- [PROBLEM REQUIREMENTS]: Output the listing exactly as written, apart from its pictures.
-- INFORMATION SUPPLIED follows --
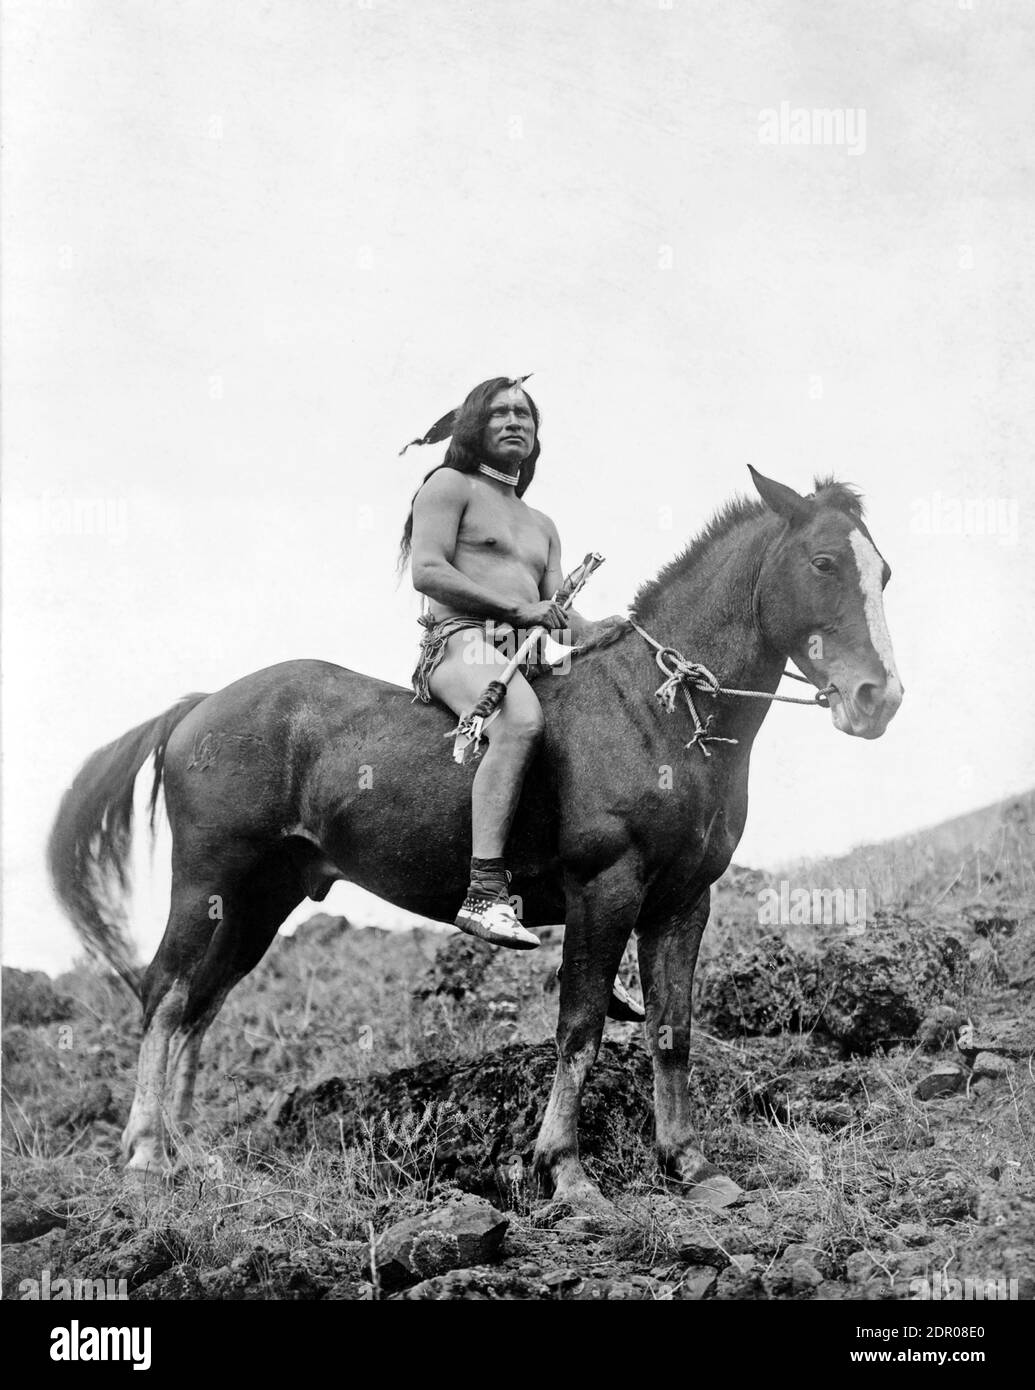 Fotografia d'epoca di un uomo Nez Percé, che indossa un panno di loin e mocassini, a cavallo. Fotografia storica di Edward S Curtis del 1907. Foto Stock
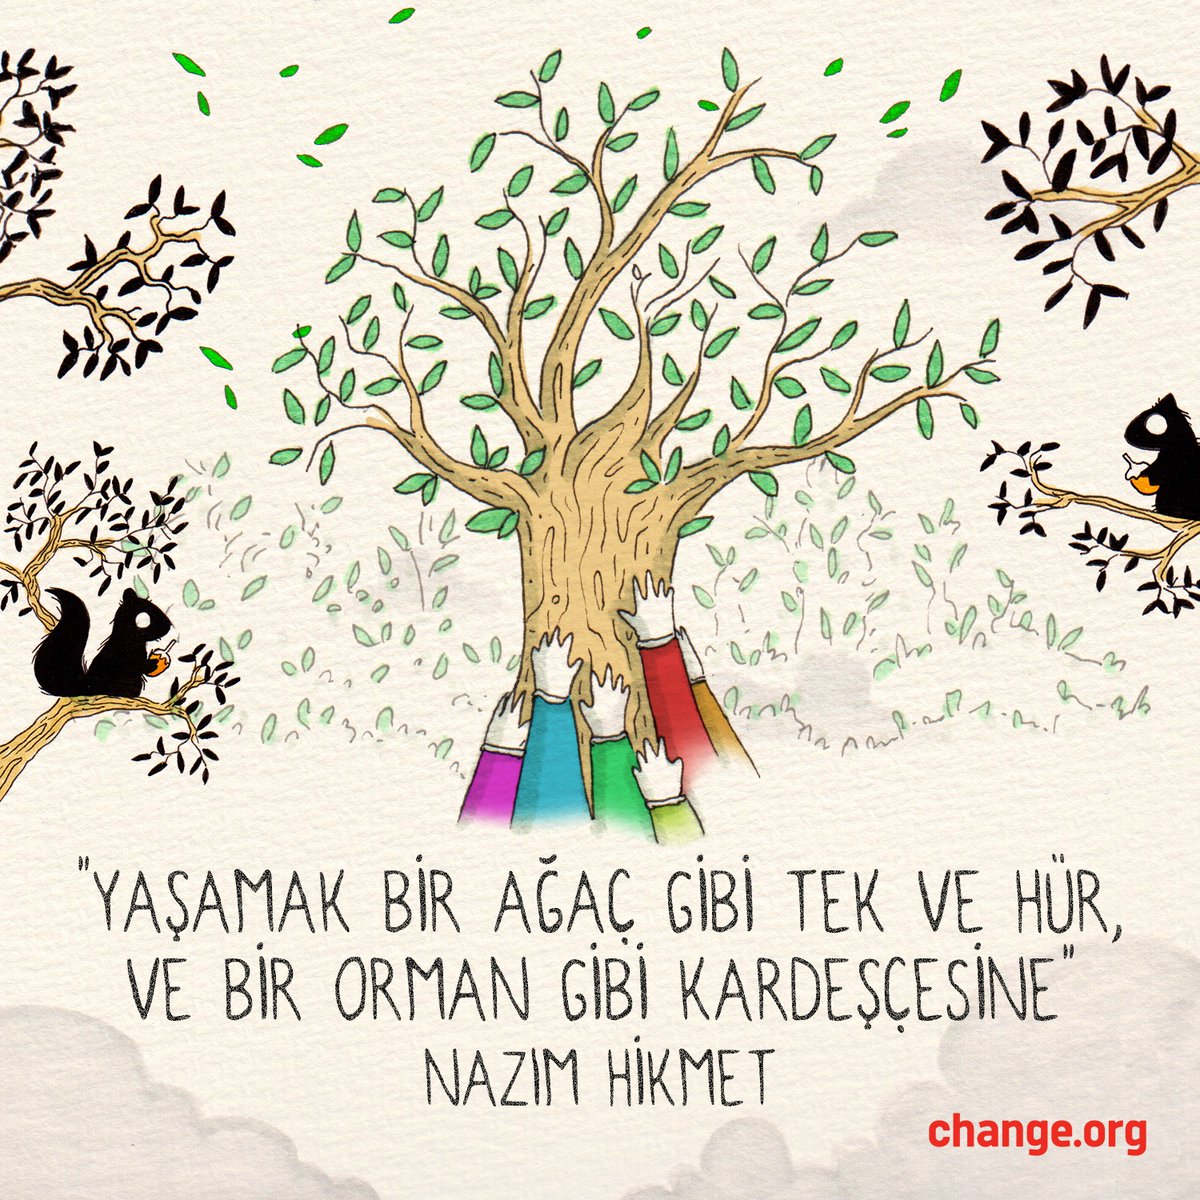 'Yaşamak bir ağaç gibi tek ve hür, ve bir orman gibi kardeşçesine' -Nazım Hikmet
#DeğişimMümkün
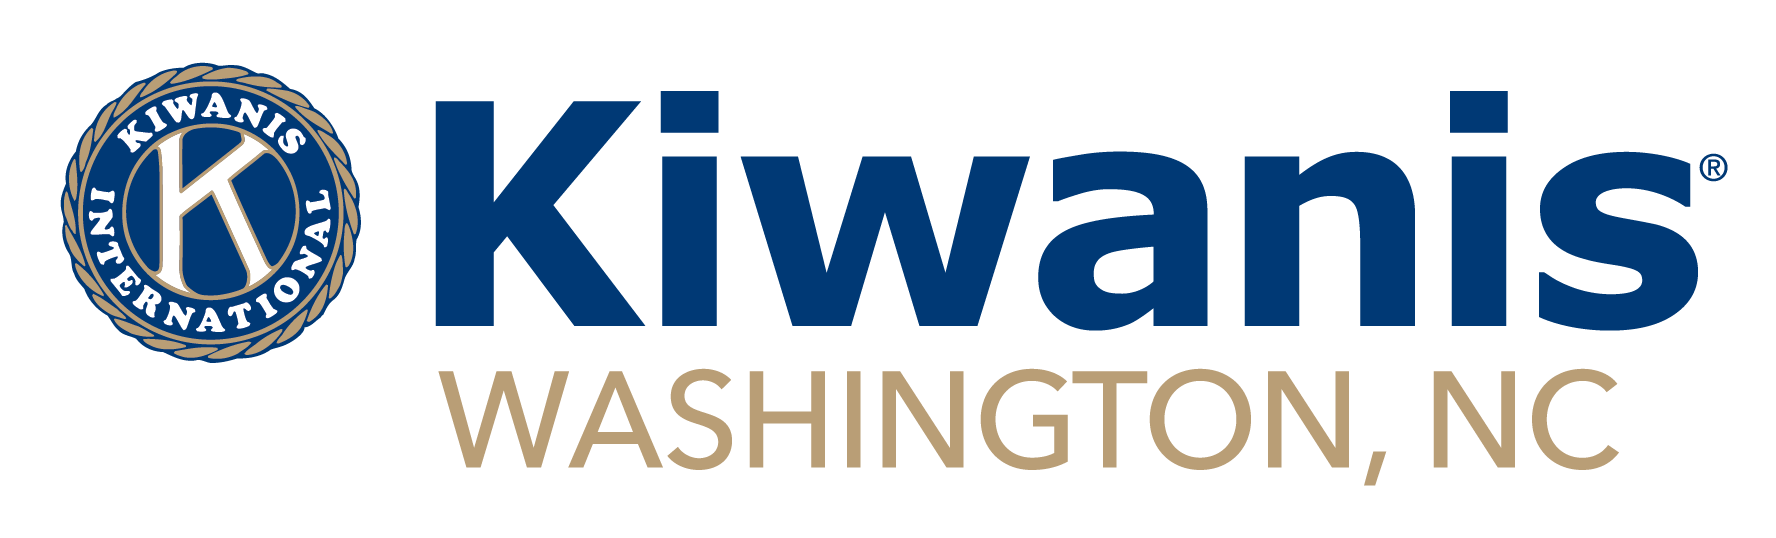 Kiwanis Club of Washington, NC
-- INFORMATION SUPPLIED concluded --
- [ANSWER FOR THIS EXERCISE]:
 Fotografia d'epoca di un uomo Nez Percé, che indossa un panno di loin e mocassini, a cavallo. Fotografia storica di Edward S Curtis del 1907. Foto Stock
 'Yaşamak bir ağaç gibi tek ve hür, ve bir orman gibi kardeşçesine' -Nazım Hikmet
#DeğişimMümkün
 Kiwanis Club of Washington, NC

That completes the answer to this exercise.